Um evento extremo pode ser visto como um atleta fora de série, para retomar a metáfora do doping esportivo. Ele se destaca dos demais por suas habilidades naturais claramente acima da média de seus competidores. Alguns, só com treino e dedicação, tornam-se fenômenos internacionais e chegam a uma Olimpíada. Outros, apenas com seu esforço próprio e habilidades naturais, são destaque em nível nacional, mas não têm potencial de se tornar um campeão mundial – a menos que recorram a substâncias proibidas que turbinem de forma artificial seu desempenho. O evento extremo influenciado por ações do homem é o esportista de elite impulsionado por esteroides.
Com exceção dos trabalhos realizados na Austrália, a maioria dos estudos de atribuição de eventos climáticos extremos é feito no hemisfério Norte. Dois dos climatologistas mais importantes nesse campo de atuação são a alemã Friederike Otto, diretora associada do Instituto de Mudança Ambiental da Universidade de Oxford, no Reino Unido, e o holandês Geert Jan van Oldenborgh, do Instituto Meteorológico Real dos Países Baixos (KNMI). Ambos coordenam o World Weather Attribution, uma iniciativa internacional que, desde 2014, desenvolve métodos computacionais para realizar trabalhos de atribuição climática e fazer pesquisas na área.
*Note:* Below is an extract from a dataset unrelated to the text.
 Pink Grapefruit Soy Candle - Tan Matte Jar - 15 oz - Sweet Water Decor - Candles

Um número reduzido de pesquisadores brasileiros já publicou estudos de atribuição climática. “Nesses trabalhos, são rodados modelos climáticos computacionais em que comparamos a probabilidade de um evento extremo específico ocorrer em dois cenários distintos: nas condições atuais, em que há aumento de gases de efeito estufa na atmosfera, e no período pré-industrial, quando praticamente não havia influência humana sobre o clima”, explica o meteorologista Caio Coelho, do Instituto Nacional de Pesquisas Espaciais (Inpe). “Se as simulações apontam que há alguma diferença no fenômeno notável na probabilidade de ocorrência do evento nos dois cenários, isso é um sinal de que esse evento sofreu a influência do componente humano.”
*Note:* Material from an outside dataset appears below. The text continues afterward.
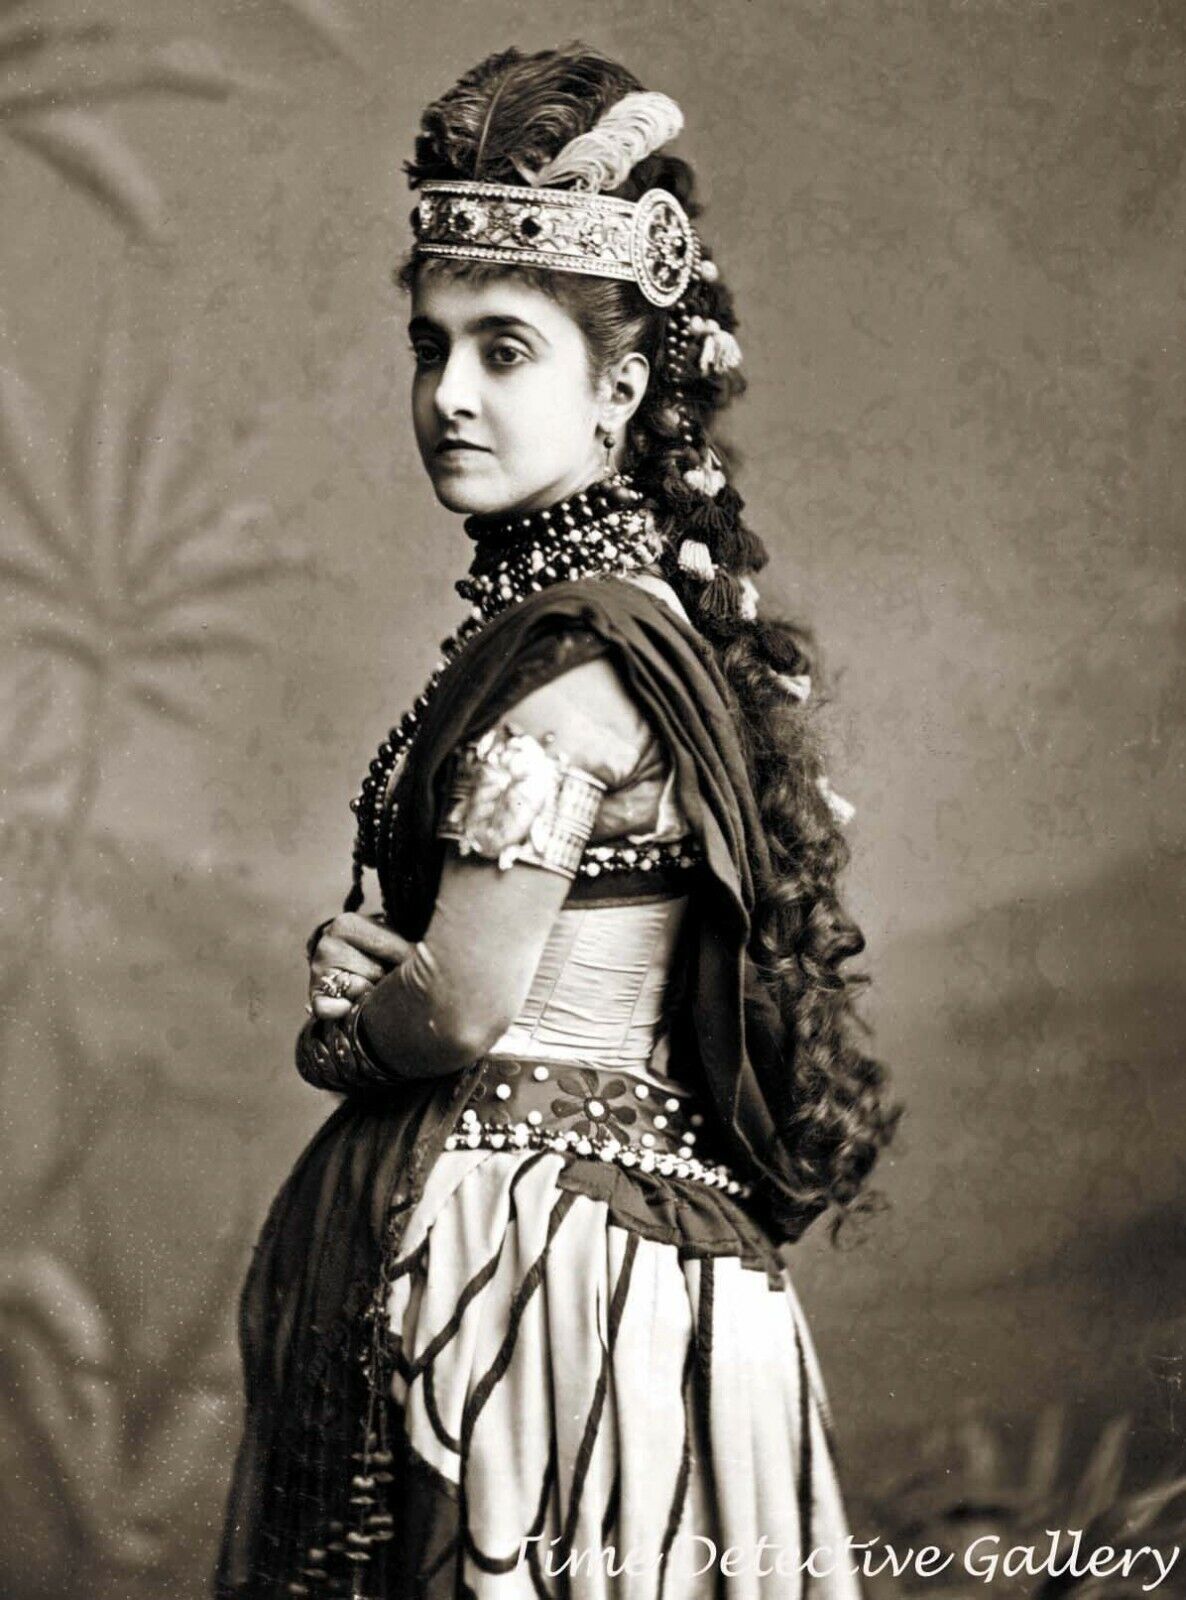 Opera Singer Adelina Patti in an Elaborate Costume - Historic Photo Print

Em parceria com os britânicos de Oxford, holandeses e colegas do Brasil, Coelho participou de dois artigos com essa abordagem. Em 2016, publicou no Bams um trabalho sobre a seca e a crise hídrica a ela associada que castigou a região Sudeste entre 2014 e 2015, mas não encontrou evidências de o fenômeno climático ter sido impulsionado pela ação humana. Em 2018, no mesmo período, participou de um trabalho que não identificou influência humana no período prolongado de seca no Nordeste, entre 2012 e 2016.
O meteorologista Rafael de Abreu, que faz doutorado no Instituto de Astronomia, Geofísica e Ciências Atmosféricas da Universidade de São Paulo (IAG-USP), também é coautor de dois estudos desse tipo, sempre com colegas do exterior e de outras instituições do país. Em dezembro de 2018, publicou, também no Bams, um artigo sobre a chuva concentrada, de 550 mm, que caiu entre abril e maio de 2017 na bacia do rio Uruguai. O trabalho concluiu que mudanças climáticas induzidas pelo homem tornaram a ocorrência desse tipo de evento pelo menos duas vezes mais frequente.
Em 14 de agosto deste ano, o meteorologista assinou com colaboradores da USP, do Inpe, do Cemaden e de Oxford um estudo na revista Climate Resilience and Sustainability sobre a chuva recorde de 320,9 mm que caiu em apenas três dias sobre Belo Horizonte em janeiro de 2020. Para os autores do trabalho, as mudanças climáticas antrópicas aumentaram em 70% a probabilidade desse tipo de evento extremo ocorrer. “É preciso ter acesso a grande capacidade computacional e a modelos climáticos para fazer até mil simulações de um evento para alcançar um nível de confiabilidade nos estudos de atribuição climática”, diz Abreu. “Por isso, recorremos a tantas parcerias no exterior.”